→ Recorded information
*** Begin section ***

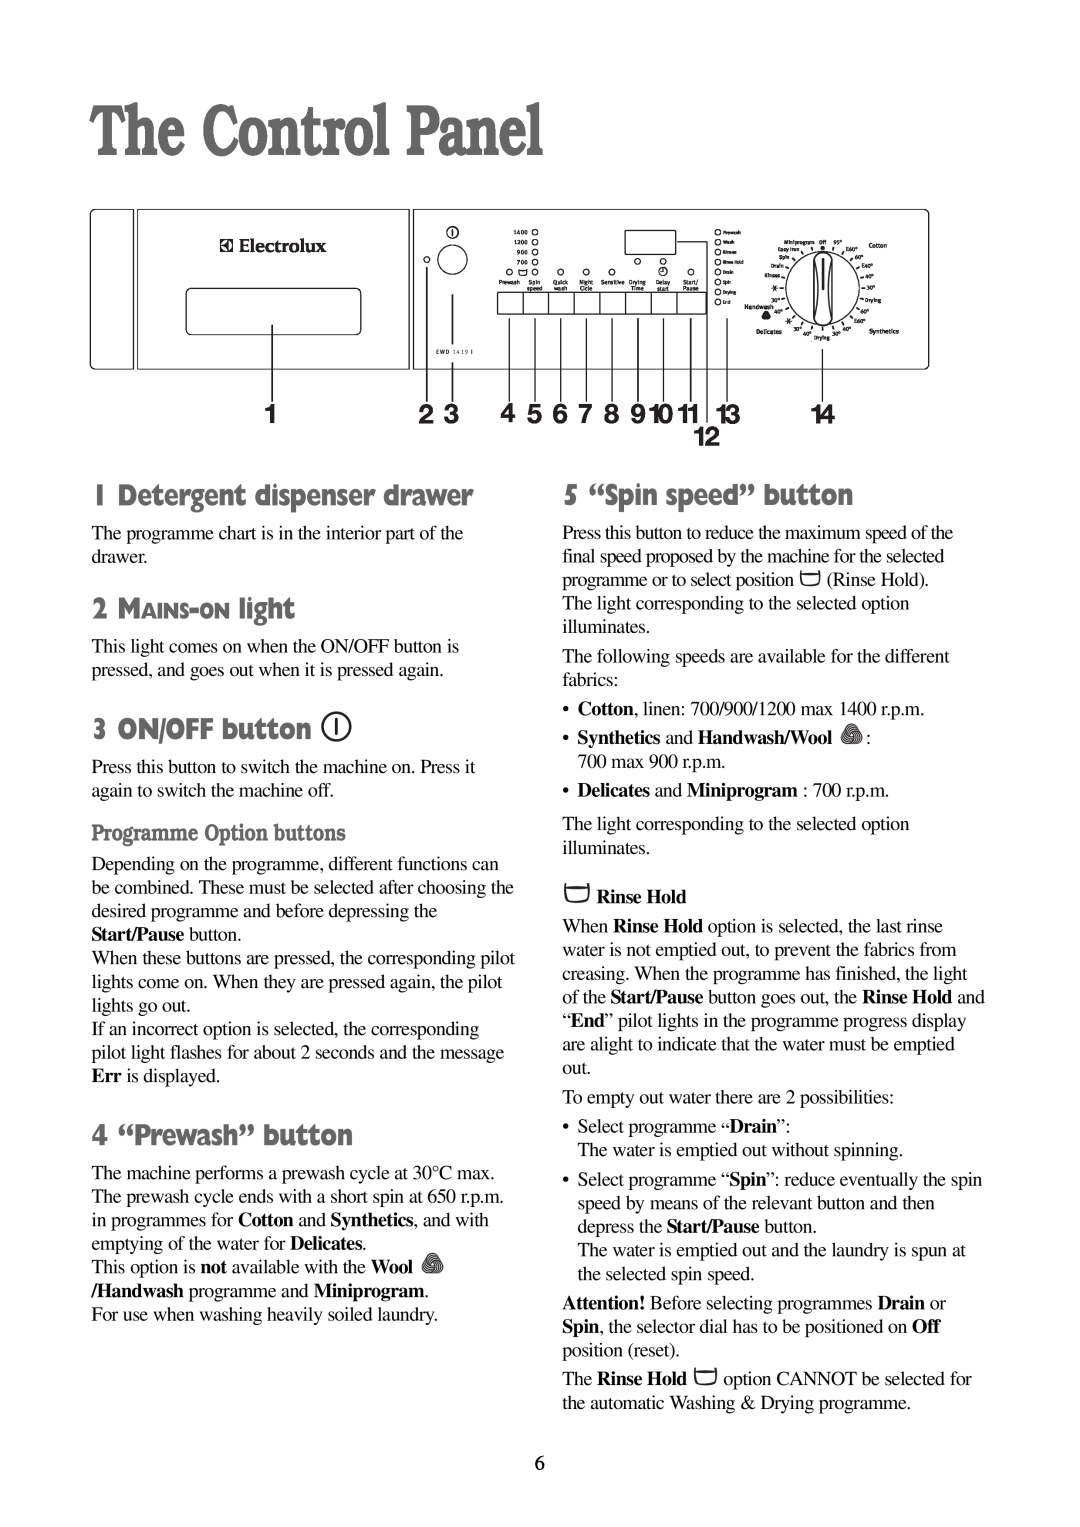 Electrolux EWD 1419 I The Control Panel, Detergent dispenser drawer, MAINS-ON light, 3 ON/OFF button, 4 “Prewash” button 
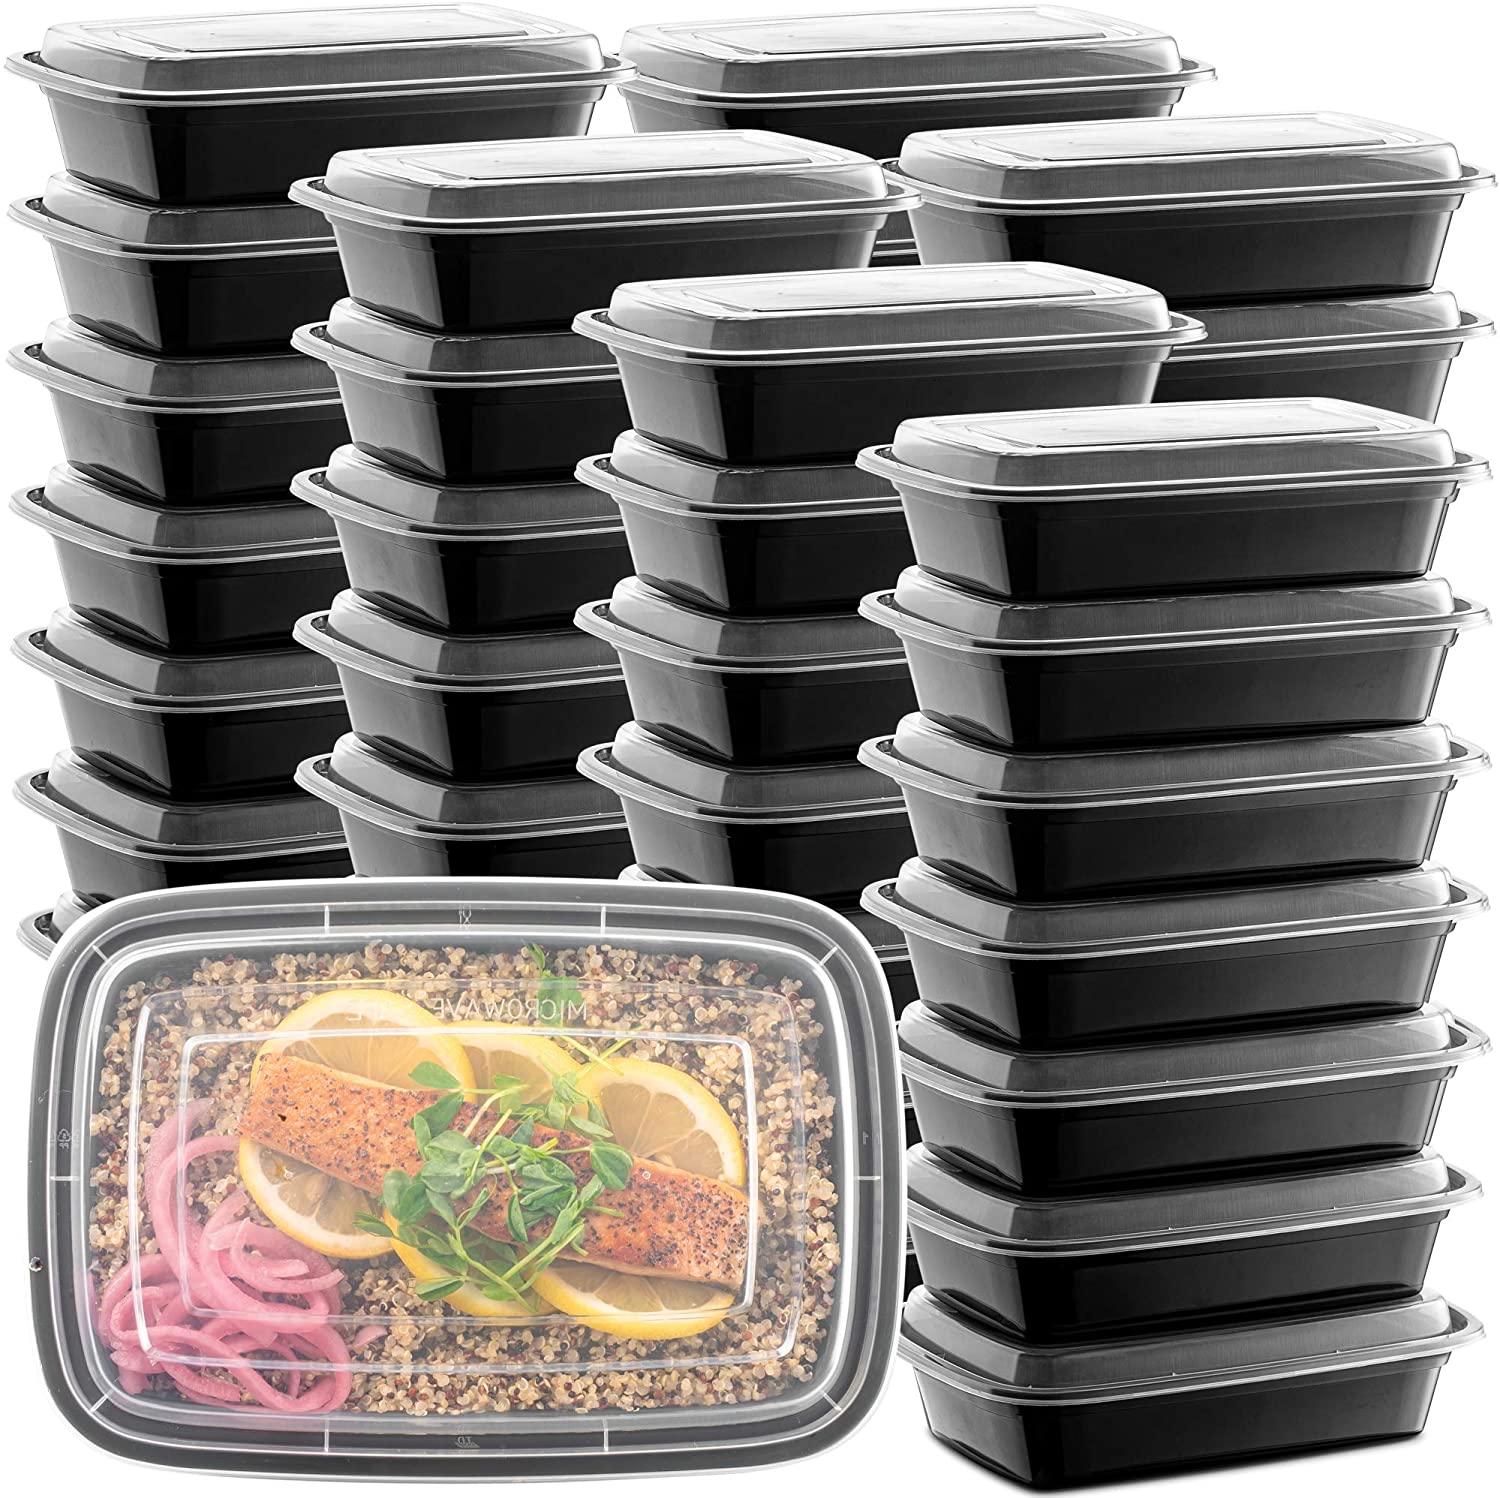 https://www.dontwasteyourmoney.com/wp-content/uploads/2022/01/promoze-freezer-safe-leak-proof-meal-prep-container-50-pack.jpg
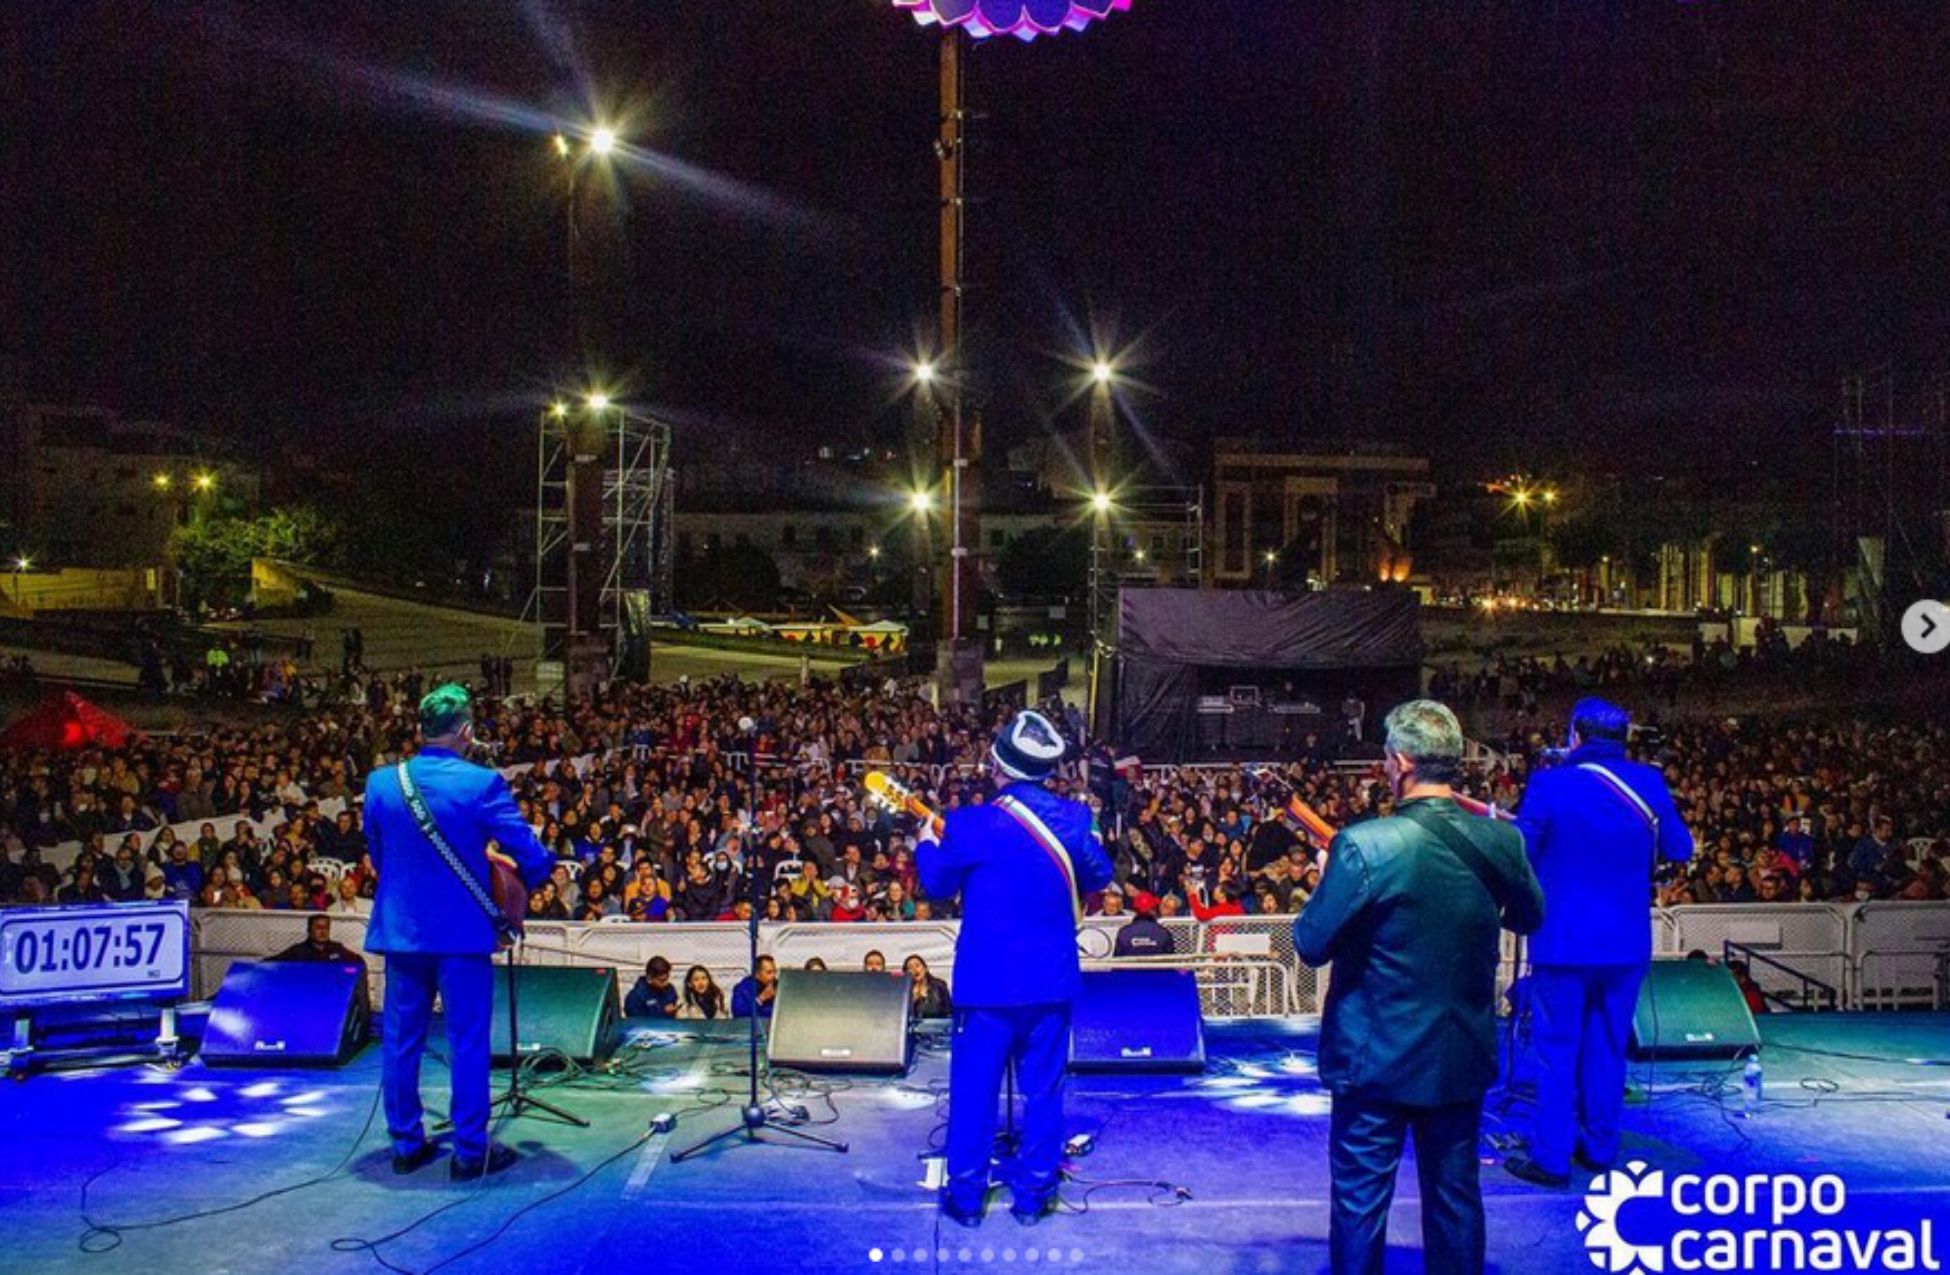 Carnaval de Negros y Blancos - Best Music Festivals in Colombia

*** End section ***

→ Task details
Output the listing exactly. Leave out any image.

→ Output of the task
 Electrolux EWD 1419 I The Control Panel, Detergent dispenser drawer, MAINS-ON light, 3 ON/OFF button, 4 “Prewash” button 
 https://www.dontwasteyourmoney.com/wp-content/uploads/2022/01/promoze-freezer-safe-leak-proof-meal-prep-container-50-pack.jpg
 Carnaval de Negros y Blancos - Best Music Festivals in Colombia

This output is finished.